Their original proof uses Martin's axiom, as it depends on a kind of diagonalization over certain functions $f:\omega\to\omega$ and one needs that if there are not "too many" of them, then there is one dominating all. This is to my mind the key use of MA in their paper, although there is another one. Then one argues that being special is preserved by ccc forcing and that the conclusion is absolute.

Galvin later found a very nice combinatorial argument that avoids forcing. Clinton Conley recently found a similar proof. It rests on a kind of abstract Fubini theorem, the point being that the special linear sub-orders of a non-special $L$ form a proper $\sigma$-complete ideal. Galvin noticed that the result should hold in a more general setting, and conjectured that that's the case.

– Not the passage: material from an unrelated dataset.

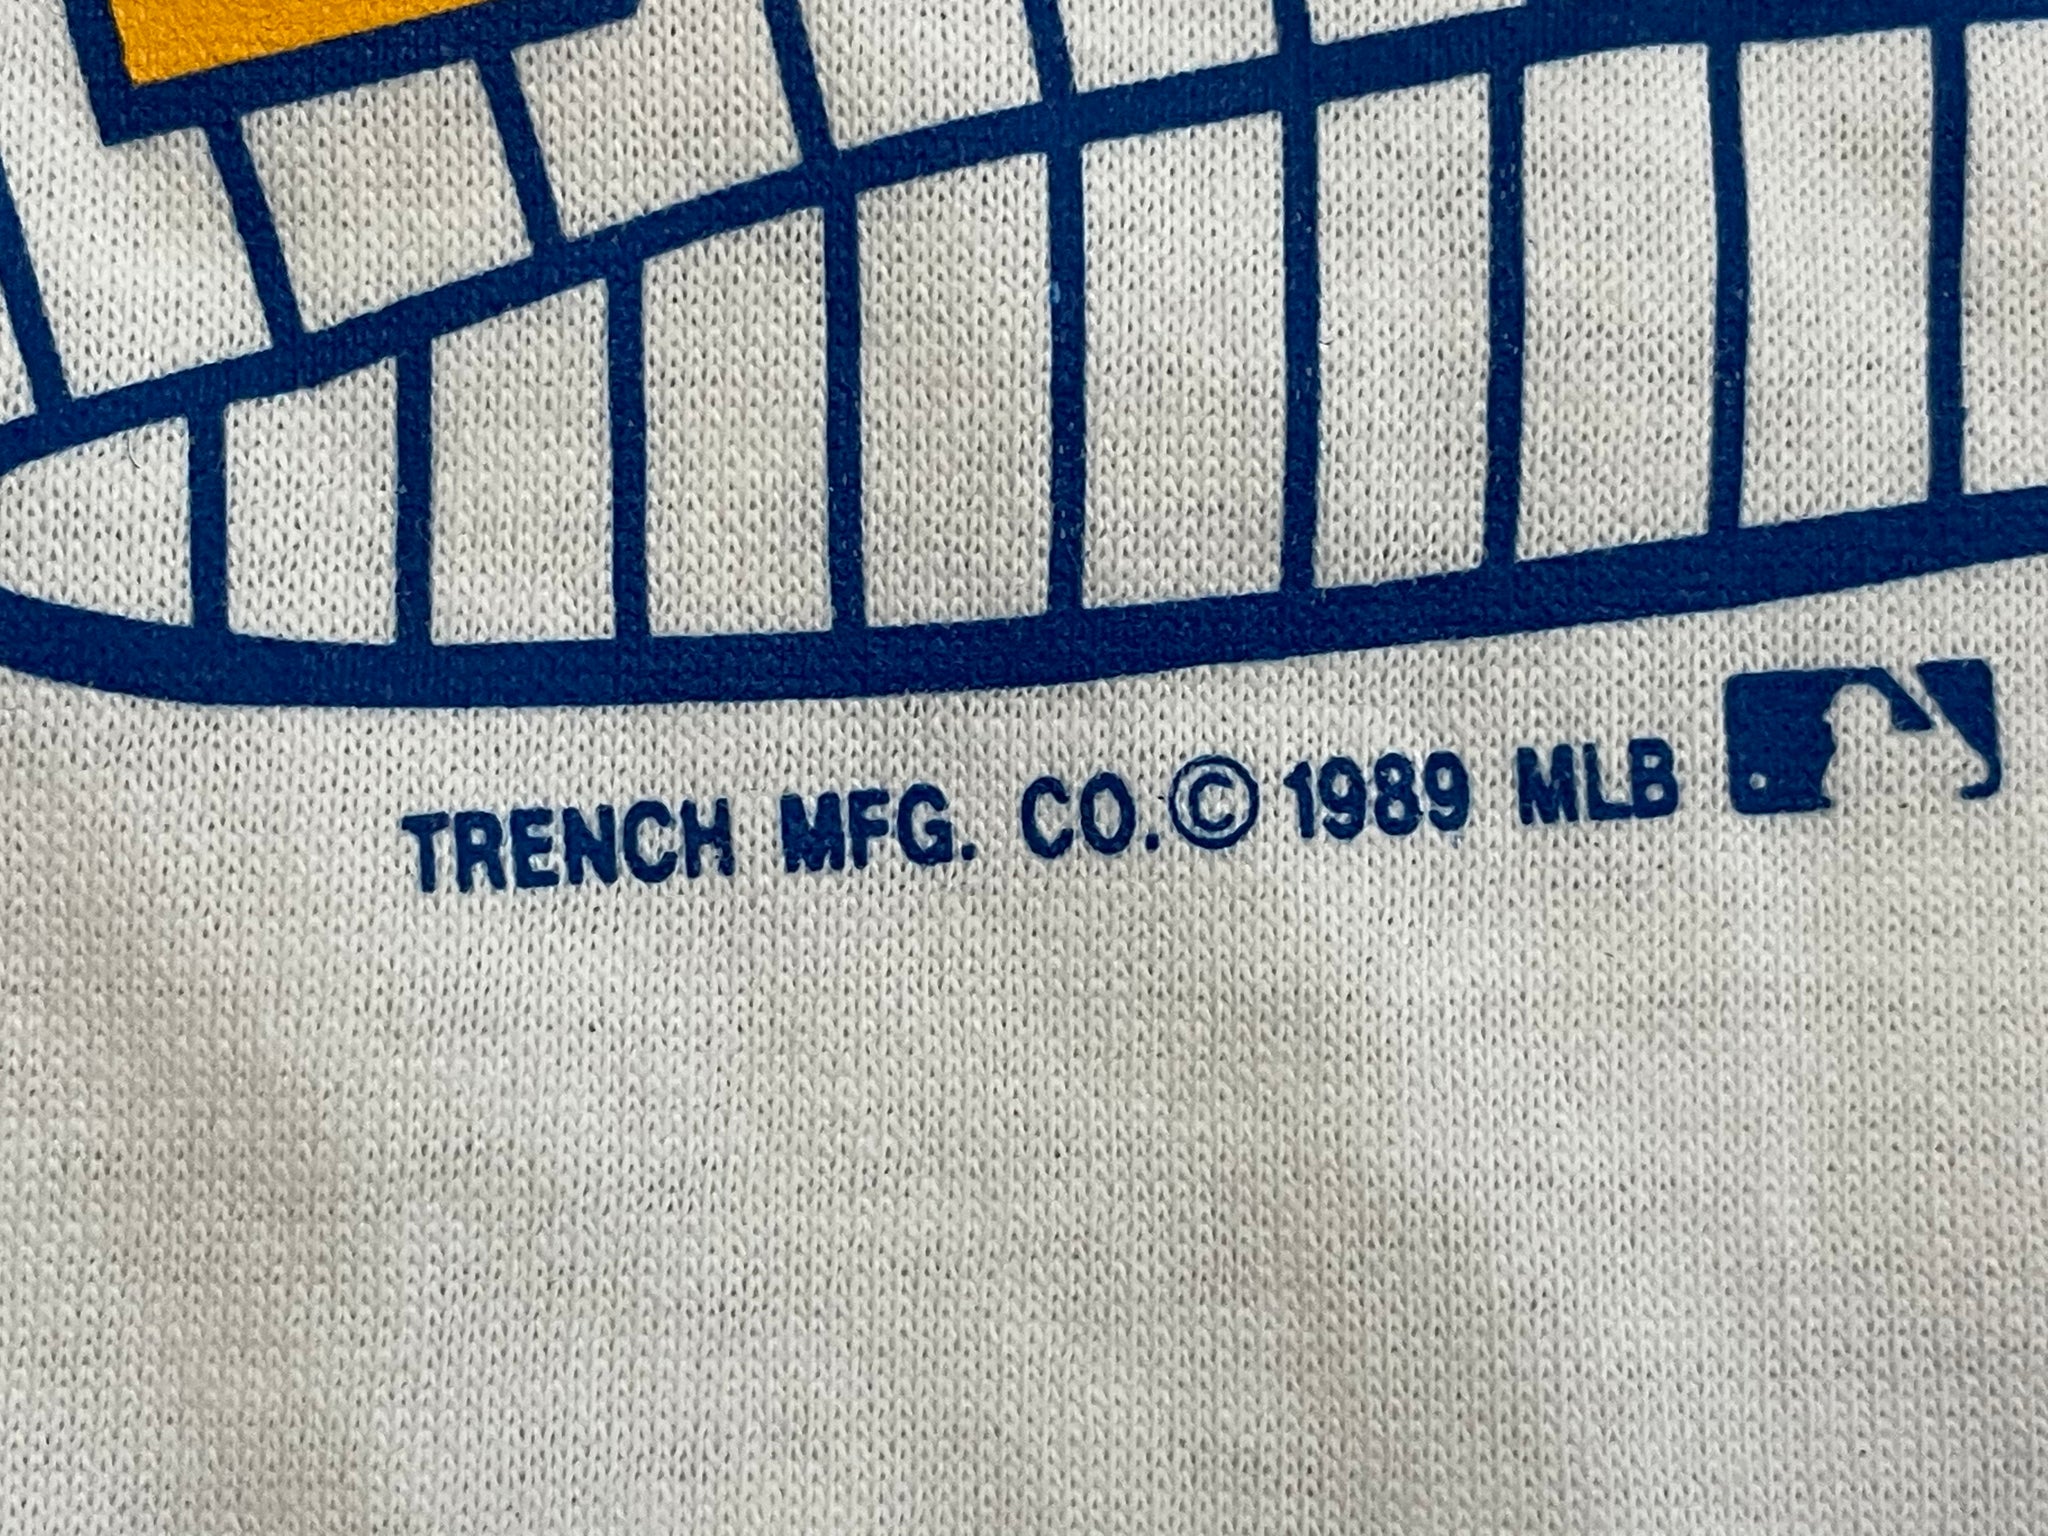 Vintage Milwaukee Brewers Trench Baseball Tshirt, Size Large – Stuck In The  90s Sports
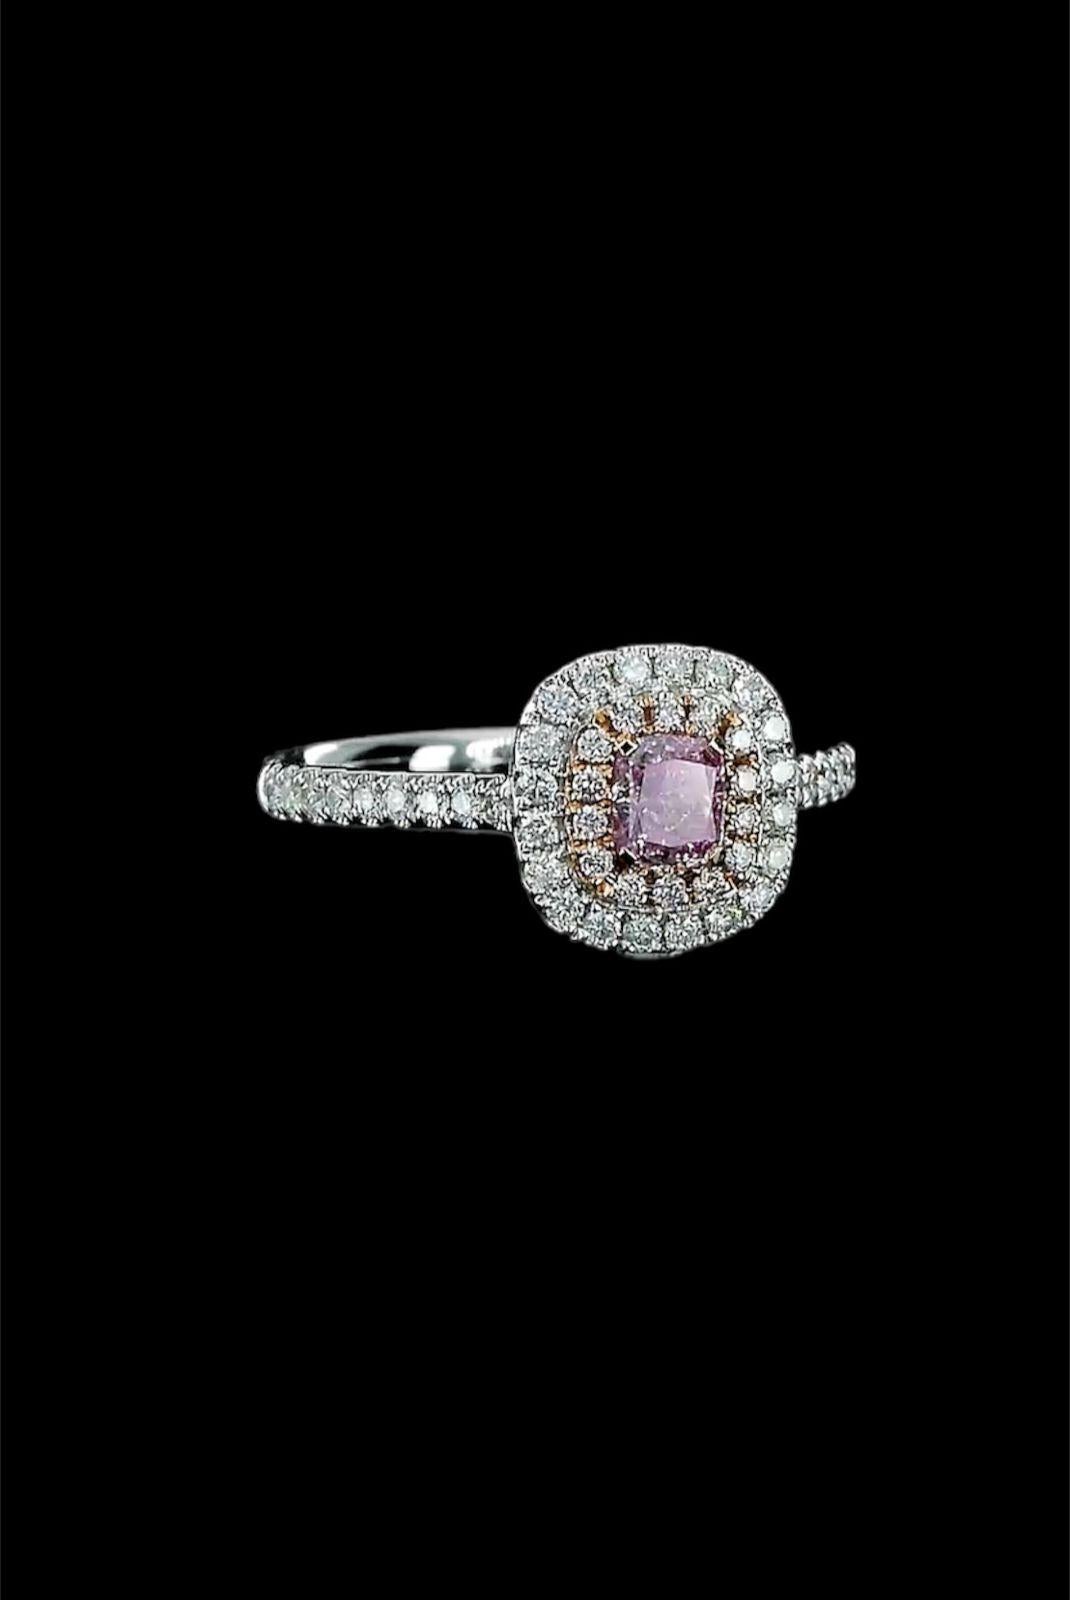 Cushion Cut GIA Certified 0.33 Carat Faint Pink Diamond Ring SI2 Clarity For Sale

The conjecture was later proved by Stevo Todorcevic: $P\to(\alpha)^2_n$ holds if $P$ is non-special, but it suffices that $P$ is a partial order, rather than a linear order. Stevo's beautiful argument proceeds by three stages:

  1. To each $P$ we can associate a certain tree; if $P$ is non-special, so is the tree (in the usual sense of non-special, hence the name), and the result holds for $P$ iff it does for the tree. This is a direct combinatorial argument, but it is very general (not just for colorings of pairs). For example, it simplifies the proof that $P\to(\omega)^1_\omega$ implies $P\to(\alpha)^1_\omega$ for any $\alpha<\omega_1$. We get a nice combinatorial theory of non-special trees: For example, an appropriate version of Fodor's lemma holds.
  2. The result holds for non-special trees of size less than the pseudo-intersection number ${\mathfrak p}$. (This is one of the cardinal invariants of the continuum.) Again, the proof does not use forcing.
  3. Finally, a forcing argument shows that ${\mathfrak p}$ can be made as large as one wants while preserving being non-special, and by absoluteness we get the full theorem. The argument here shows in particular, that one does not need preservation of being non-special under ccc forcing, simpler particular classes of forcing notions suffice.

Stevo's paper is "Partition relations for partially ordered sets". Acta Math., 155(1-2):1–25, 1985.

As far as I know, there is no forcing-free proof of 3., that the result holds for all non-special trees $T$, even if $|T|\ge{\mathfrak p}$. It cannot be a direct argument, as Stevo found examples of non-special trees all of whose subtrees of small size are special. Albin Jones indicated a while ago that he had an argument, but I never saw it and his webpage and contact information vanished since. In my mind, this remains open.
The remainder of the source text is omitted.